“What’s going to come next? Well, what I think is going to come next is more specific orders,” said attorney John Villafranco of Kelley Drye & Warren LLP.
Photo © iStockphoto.com/zentilia
In a year of regulatory strife, it’s nice to celebrate positive news for a change. The dietary supplements industry is enjoying a moment of triumph following Bayer Corp.’s recent victory over the FTC in a court case over probiotic structure-function claims.
A New Jersey federal district court judge ruled in September that Bayer met its “competent and reliable scientific evidence” burden and affirmed that randomized controlled trials (RCTs) aren’t required for structure-function claims. The bottom line: supplements are not to be regulated as drugs, the judge said. More importantly, he ruled that the FTC cannot, by way of regulatory creep, introduce new substantiation standards for supplements that run counter to the laws governing supplements, to FTC’s own guidance governing supplements, and to language already instated in existing consent decrees. (Click here to read about the case and the opinion's key points.)
“This was a great moment for industry in dealing with what has been, as an agency, one of our more rigorous opponents,” said attorney Marc Ullman of Rivkin Radler LLP during a SupplySide West panel in October.
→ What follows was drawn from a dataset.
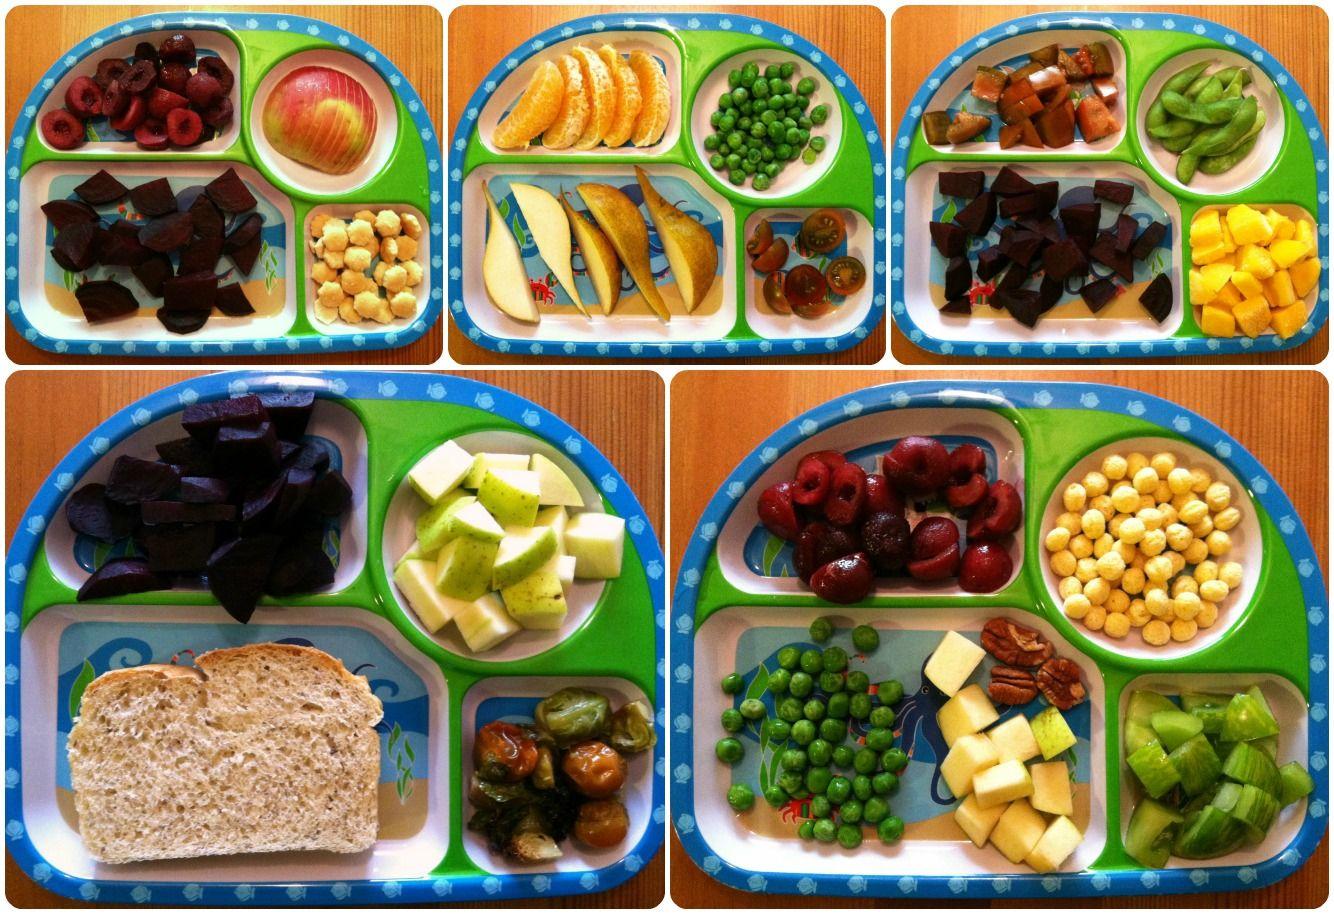 Vegan Mother Hubbard Vegan Toddler Meals Vegan Kids Vegan Recipes Healthy Vegan Eating

For Jonathan Cohn of Sidley Austin LLP, one of the attorneys who argued the case on behalf of Bayer, the takeaway is simple: Industry should fight more cases when the FTC is trying to sidestep the appropriate route for changing legal statute.
“Try more cases,” he urged, speaking at October’s Council for Responsible Nutrition (CRN) annual conference. “Bottom line, industry can win. We did it before, and we can do it again."
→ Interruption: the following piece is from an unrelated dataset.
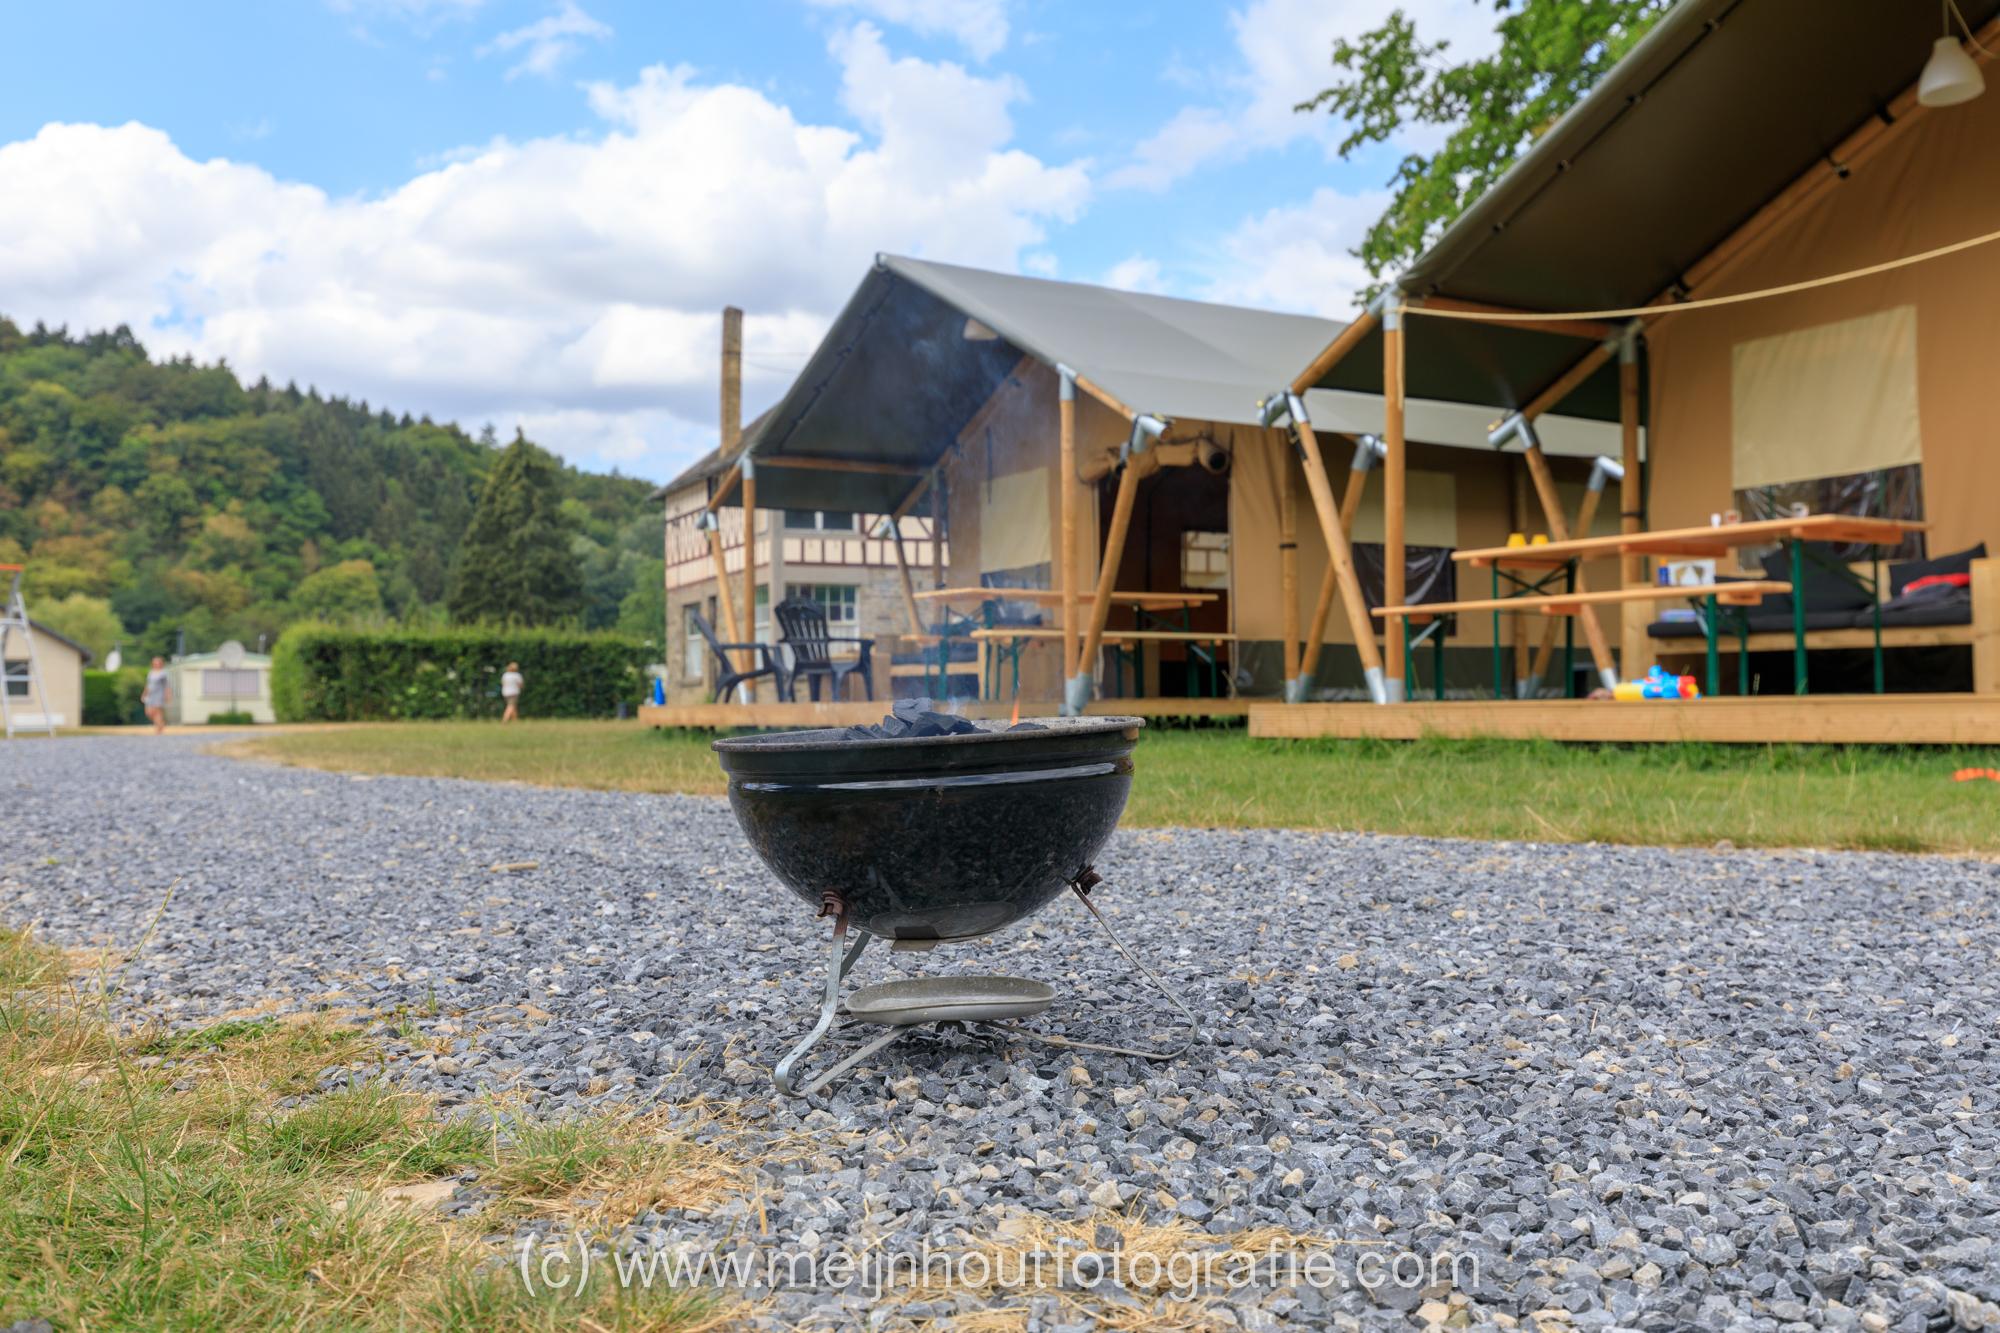 20180728-IMG_9416 Camping Sy Ardennen Belgium.jpg

Others are happy, but cautious. "Don’t take this as the end of the issue,” Ullman said. FTC will almost certainly try to flex its muscles again in the future, and it also has 60 days to appeal the Bayer case.
“What’s going to come next? Well, what I think is going to come next is more specific orders,” said attorney John Villafranco of Kelley Drye & Warren LLP, also speaking at the CRN event. He pointed to prior statements made by David Vladeck, former director of FTC's Bureau of Consumer Protection, that FTC believes consent orders are more enforceable and stronger in court if they spell out specific types of tests.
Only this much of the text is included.